The first 3D printed concrete arch bridge completed

Zaha Hadid Architects and the Block Research Group at ETH Zurich completed Striatus, the world’s first 3D printed concrete arch bridge, in Venice, Italy.
Striatus is an arched masonry walkway made up of 3D printed concrete blocks assembled without mortar or reinforcement. The 16-by-12-meter (approximately 52-by-39-foot) bridge is the first of its kind, combining traditional master builder techniques with advanced computer design, engineering and robotic manufacturing technologies.
Striatus follows a two-tier masonry logic. Overall, the bridge behaves like a series of leaning unreinforced voussoir arches, with a discretization orthogonal to the dominant force flow in compression, following the same structural principles as the Roman stone arch bridges.

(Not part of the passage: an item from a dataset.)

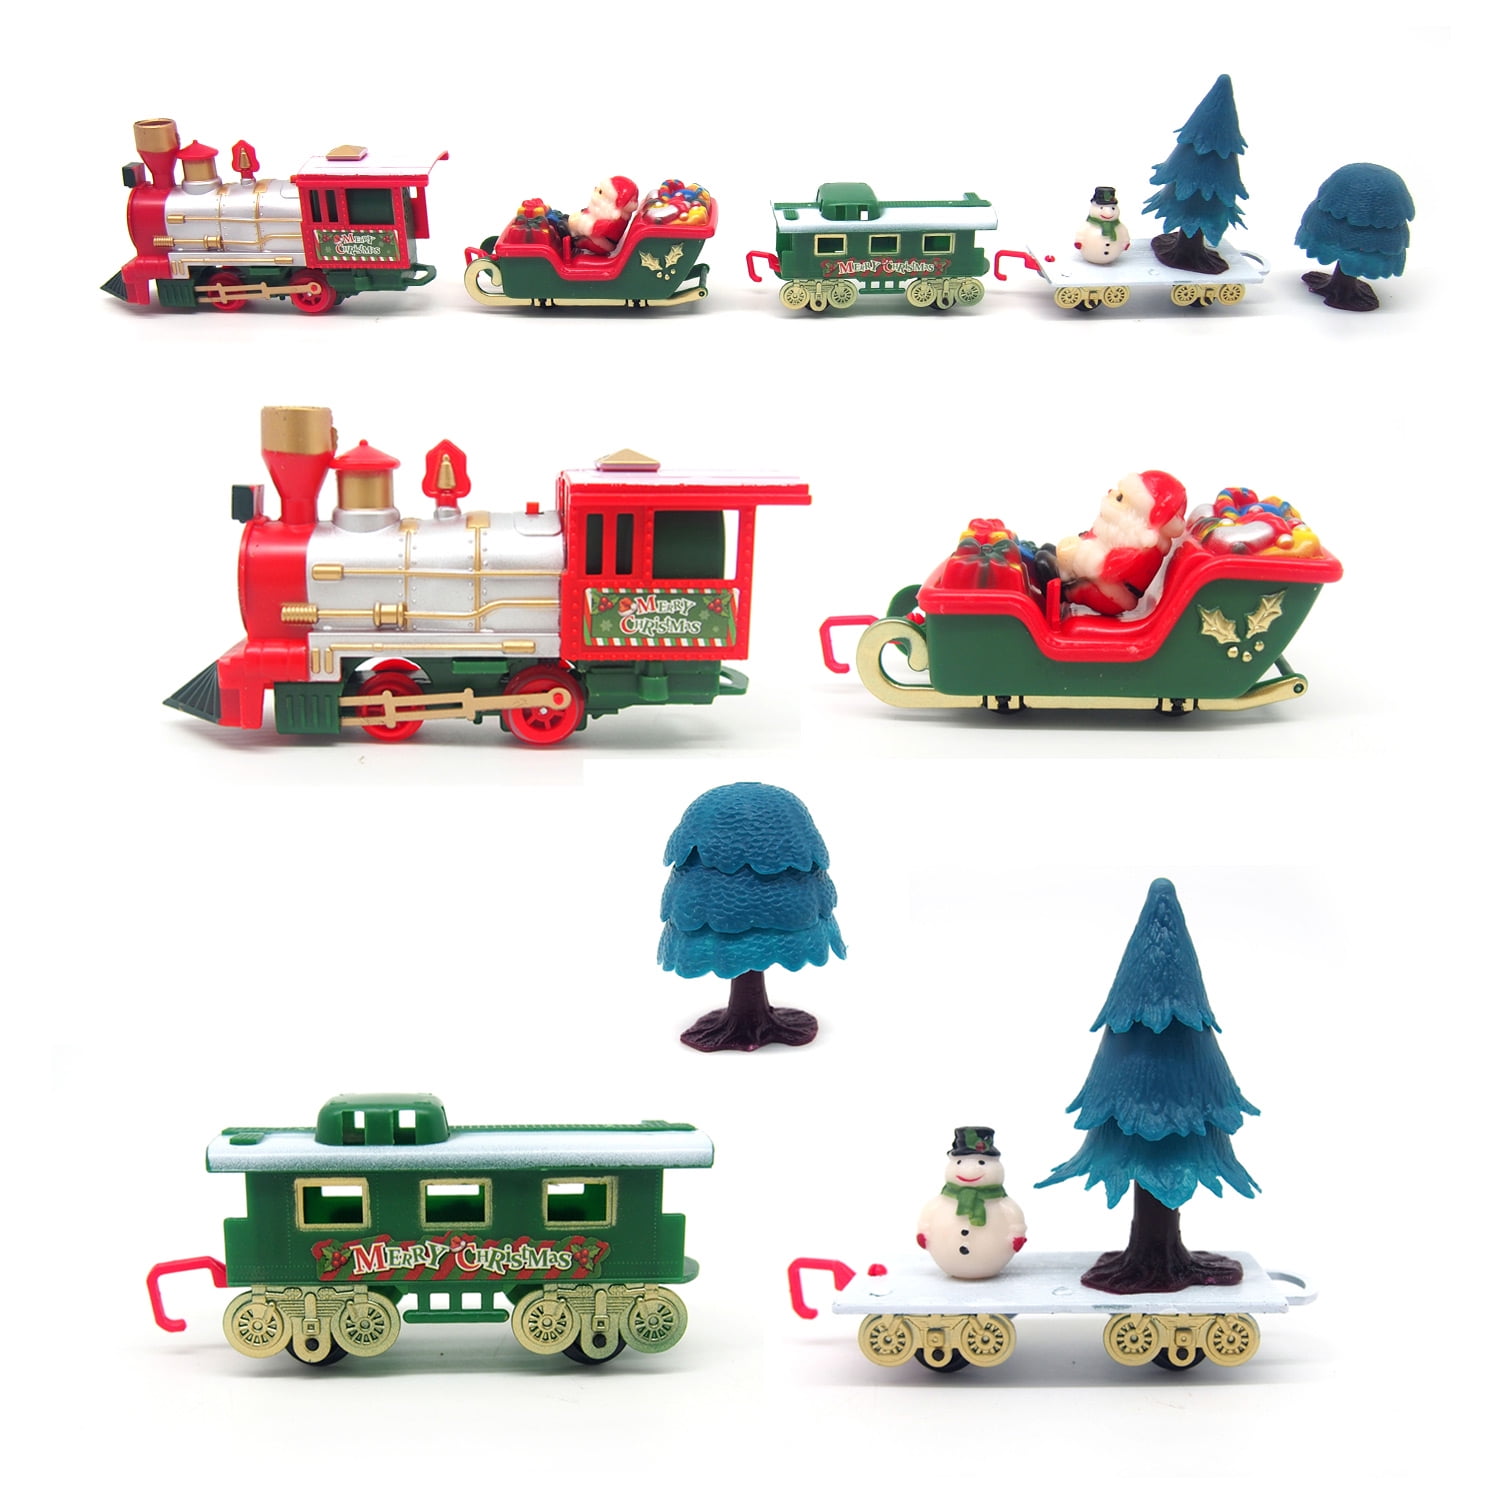 You can do 10 different forms of track! Christmas Train Santa Claus

Locally, at the segment level, the 3D printed concrete layers behave like traditional brick masonry like the inclined rows of Nubian or Mexican vaulted bricks.
Unlike typical single horizontal layer extrusion 3D printing, Striatus uses a two-component (2K) concrete ink with a corresponding printhead and pumping device to accurately print non-uniform, non-parallel layers.
This new generation of concrete 3D printing in combination with the arched masonry design allows the resulting components to be used structurally without any reinforcement or post-tensioning. For Striatus, Holcim, a global building materials company based in Switzerland, has developed a specific, bespoke, proprietary 3D printing ink.
Integrating design, engineering, fabrication and construction, Striatus redefines conventional interdisciplinary relationships. The precise fabrication of the blocks was made possible by a well-defined data exchange between the various domain-specific software tool chains involved in the process.